In the end, despite his years of effort to get clean, it was a drug overdose that claimed the life of Friends star Matthew Perry.

That’s the conclusion of the Los Angeles medical examiner, who has found Perry died from the acute effects of the anesthetic ketamine.

Perry, 54, also drowned in “the heated end of his pool”, but it was a secondary factor in his October 28 death, which was deemed an accident.

People close to Perry told investigators he was undergoing ketamine infusion therapy, an experimental treatment used to treat depression and anxiety.

But the coroner said the levels of ketamine in Perry’s body were in the range used for general anaesthesia during surgery, and his last treatment over a week earlier would not explain those levels.
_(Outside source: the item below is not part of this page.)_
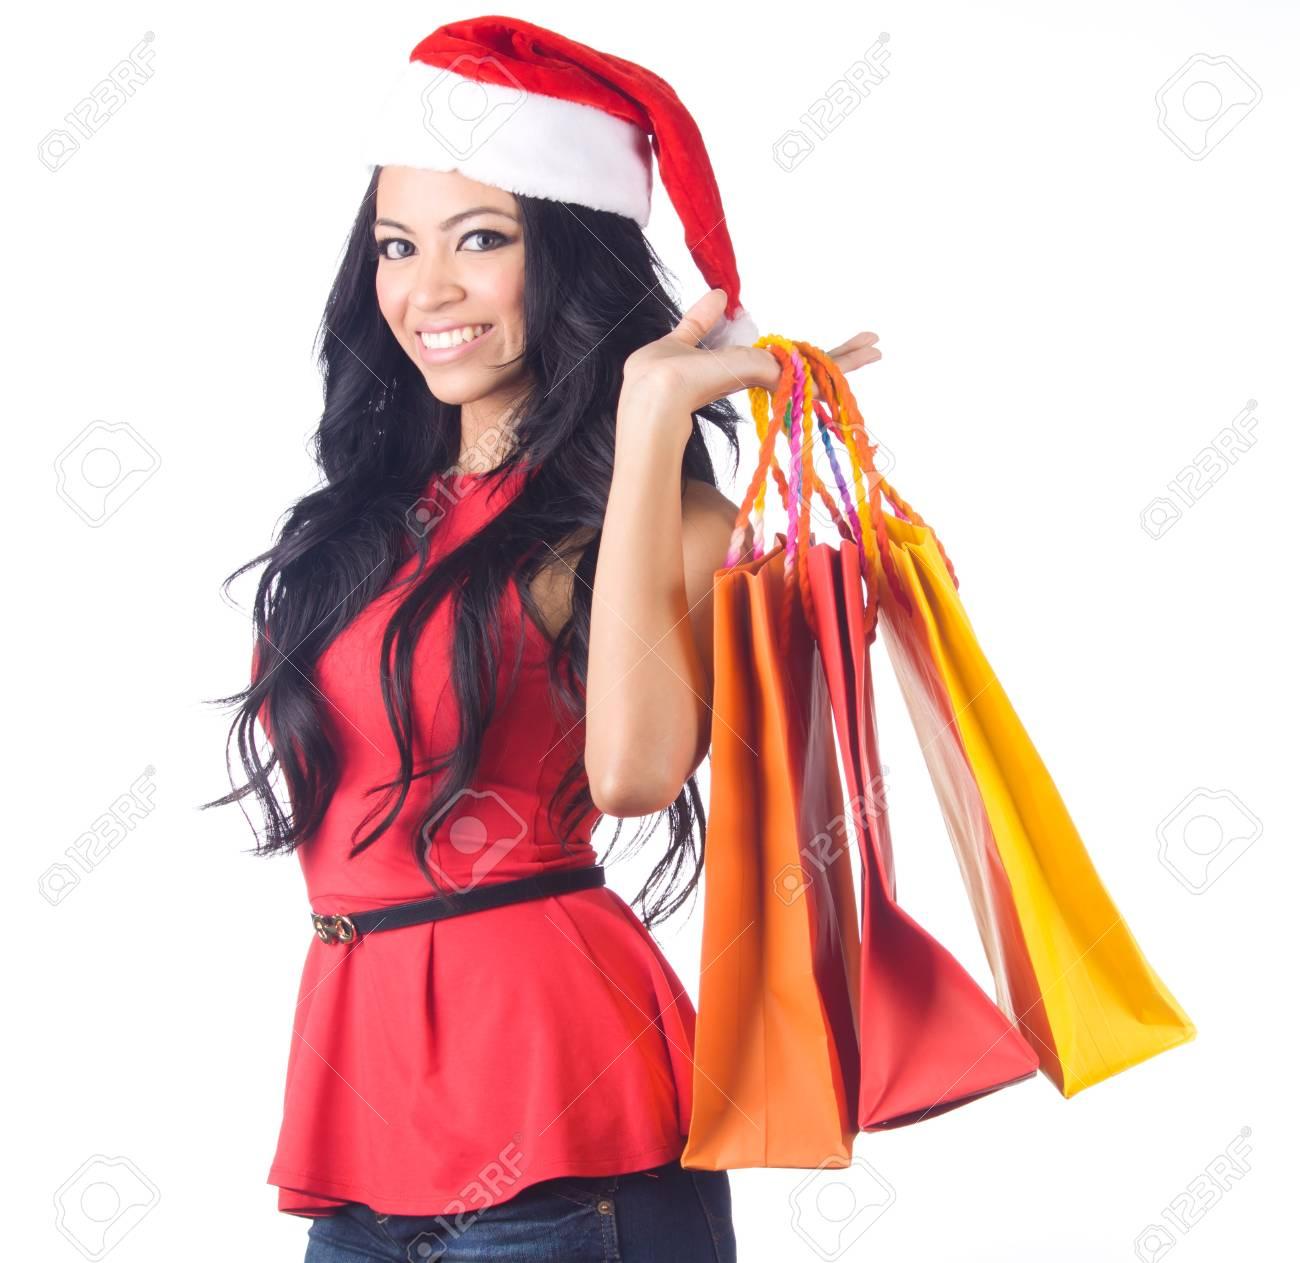 eb489a111a748 Christmas Shopping

Ketamine, originally developed as a horse tranquiliser, is both a popular party drug and the focus of clinical trials as a treatment for long-term depression.

The report says coronary artery disease and buprenorphine, which is used to treat opioid use disorder, also contributed.

The amount of ketamine detected “would be enough to make him lose consciousness and lose his posture and his ability to keep himself above the water”, Dr Andrew Stolbach, a medical toxicologist with Johns Hopkins Medicine said.

“Using sedative drugs in a pool or hot tub, especially when you’re alone, is extremely risky and, sadly, here it’s fatal.”

Perry was declared dead after being found unresponsive at his home in the Pacific Palisades area of Los Angeles.

The actor, who played Chandler Bing in the hit US sitcom Friends, had taken drugs in the past but had been “reportedly clean for 19 months”, said the report released on Friday.

‘High levels’

Perry had played pickleball before his assistant found him face-down in the pool after returning from errands later that day.

The assistant told investigators Perry had not been sick, had not made any health complaints, and had not shown evidence of recent alcohol or drug use.

Blood tests showed “high levels” of ketamine in his system, which could have raised his blood pressure and heart rate and dulled his impulse to breathe.

Buprenorphine, found in therapeutic levels in Perry’s blood, could have contributed to the breathing problem, the autopsy said.

His heart disease would have made him more susceptible to the drugs’ effects.

Perry was open about discussing his struggles with addiction dating to his time on Friends in the 1990s.

“I loved everything about the show but I was struggling with my addictions which only added to my sense of shame,” he wrote in his 2022 memoir.

“I had a secret and no one could know.”